Комната была довольно обширная. Куча гостей состояла изъ пожилыхъ мужчинъ, расхаживавшихъ по комнатѣ и толковавшихъ о коммерческихъ удачахъ и неудачахъ. Ежеминутно дверь растворялась, чтобы впустить новую личность; съ каждой минутой толпа густѣла. Наступали поздніе сумерки. Въ комнатѣ темнѣло. Воздухъ дѣлался все болѣе и болѣе спертымъ и удушливыхъ.
Хозяинъ собственноручно внесъ двѣ сальныя копеечныя свѣчи въ большихъ неуклюжихъ серебряныхъ подсвѣчникахъ.
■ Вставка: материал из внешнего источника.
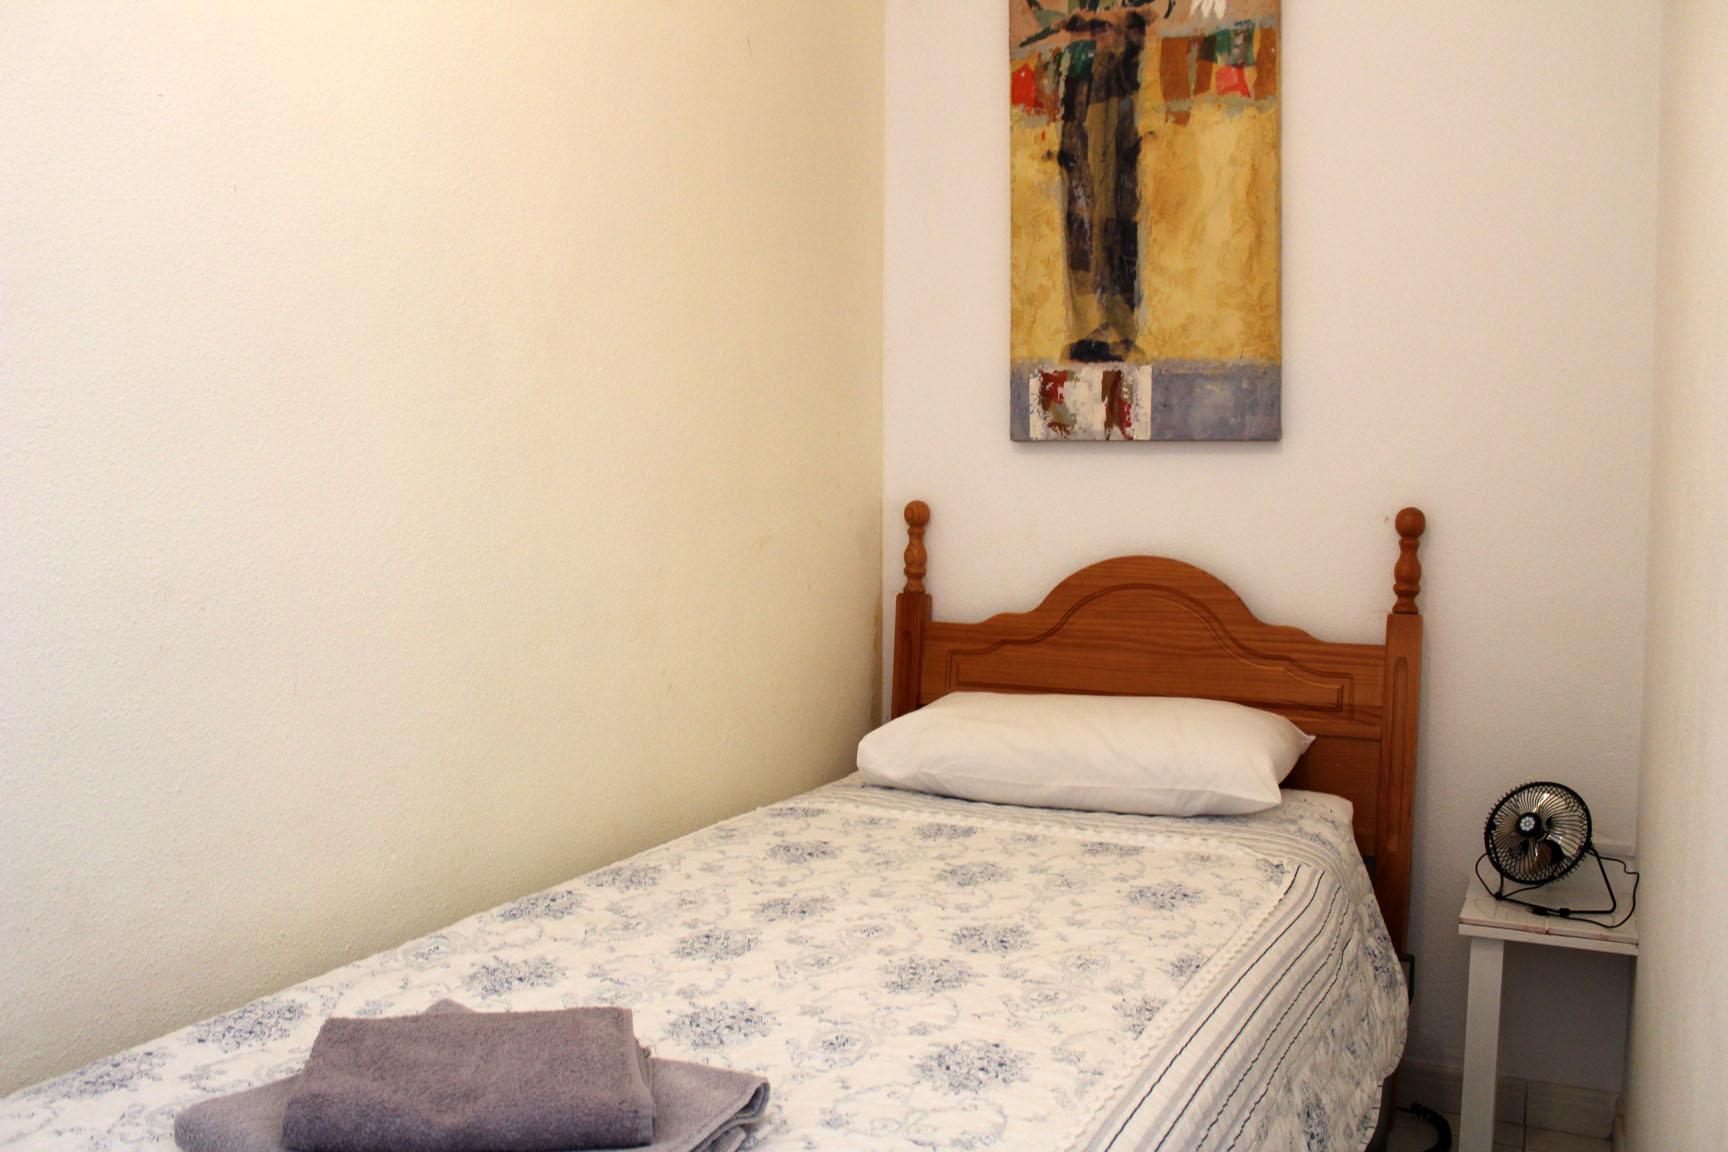 ITSH Property Single bedroom 9

При тускломъ свѣтѣ неразгорѣвишхся свѣчей, раби Давидъ замѣтилъ множество лицъ изъ бывшихъ въ синагогѣ во время осужденія моего отца. Въ углу комнаты стоялъ большой сосновый столъ безъ скатерти, на которомъ красовались штофы и бутылки, а между напитками были разставлены тарелки съ солеными огурцами, пшеничными лепешками я тому подобными лакомствами. Ждали старшихъ.
19
Бѣлое шерстяное полосатое покрывало, которое еврея надѣваютъ во время молитвъ и которымъ облекаютъ ихъ послѣ смерти.
20
Въ каждой синагогѣ устроена каѳедра. На ней читаются, въ антрактахъ молитвъ, библія и псалмы; оттуда раздаются проповѣди и тамъ же происходятъ всѣ важныя совѣщанія.
21
Разводъ между супругами совершается посредствомъ разводной грамоты «гетъ», писанной древне-еврейскимъ языкомъ, на пергаментѣ, особыми писцами, къ тому пріспособленными. Малѣйшая описка, слитіе одной буквы съ другой, лишняя точка, уничтожаютъ силу этого документа. Грамота эта передается супругѣ самимъ супругомъ, въ присутствіи двухъ свидѣтелей, или посылается ей чрезъ уполномоченнаго, или же, наконецъ, бросается супругѣ, въ близкомъ отъ нея разстояніи, и она уже считается разведенною. Русскіе гражданскіе законы сдѣлали, однакожъ, послѣднюю мѣру невозможною, запретивъ всякій разводъ безъ положительнаго обоюднаго согласія супруговъ. По еврейскимъ законамъ, нѣтъ ничего легче, какъ развестись съ женою, стоитъ только доказать, что она часто пересаливаетъ супъ, и она будетъ разведена, несмотря на протесты.
22
Въ настоящее время, приговоры общества требуютъ утвержденія высшей власти; въ прежнія же времена, еврейскія общества часто злоупотребляли силою обоихъ приговоровъ, при которыхъ, въ добавокъ, пускали въ ходъ систему подкупа. Стоило захотѣть обществу, и по приговору его отдавались въ рекруты, изгонялись изъ города и ссылались даже въ Сибирь на поселеніе всѣ тѣ, которые имѣли неосторожность попастъ въ немилость къ обществу.
23
Чтобы убѣдить моихъ читателей въ натуральности разсказаннаго мною факта, я передамъ легенду, разсказываемую евреями, какъ быль. Лѣтъ за двадцать тому назадъ, въ одномъ городѣ, лежащемъ у Днѣпра, жилъ богатый еврей, рѣдкій фанатикъ и ярый хасидъ. Единственный, любимый сынъ его, молодой человѣкъ, подававшій большіе надежды сдѣлаться ученымъ равиномъ и великимъ хасидомъ, ознакомился случайно съ русскими и началъ перенимать у нихъ наружные признаки образованія. Мало по малу, смѣлость его наконецъ возросла до того, что онъ вмѣсто туфель сталъ носятъ опойковые сапоги подъ ваксой, сбросилъ соболью лапку и надѣлъ фуражку, купилъ подтяжки и галстухъ, пересталъ брить голову, и симметрически подстригъ пейсы. Долго мучился и терзался несчастный отецъ. Наконецъ. когда онъ убѣдился, что ни строгостью, ни лаской нельзя обратитъ блуднаго сына на путь истины, то созвалъ тайный раввинскій судъ. Судили, рядили и наконецъ рѣшили: сына-бунтовщика, вольнодумца, отступника вѣры и еретика предать смертной казни. Отецъ нанялъ евреевъ-убійцъ. Подъ предлогомъ прогулки, заманили они осужденнаго кататься по Днѣпру, завезли его далеко отъ города, и безчеловѣчно утопили, утверждая на слѣдствіи, что лодка случайно опрокинулась и что они сами едва успѣли спастись вплавь.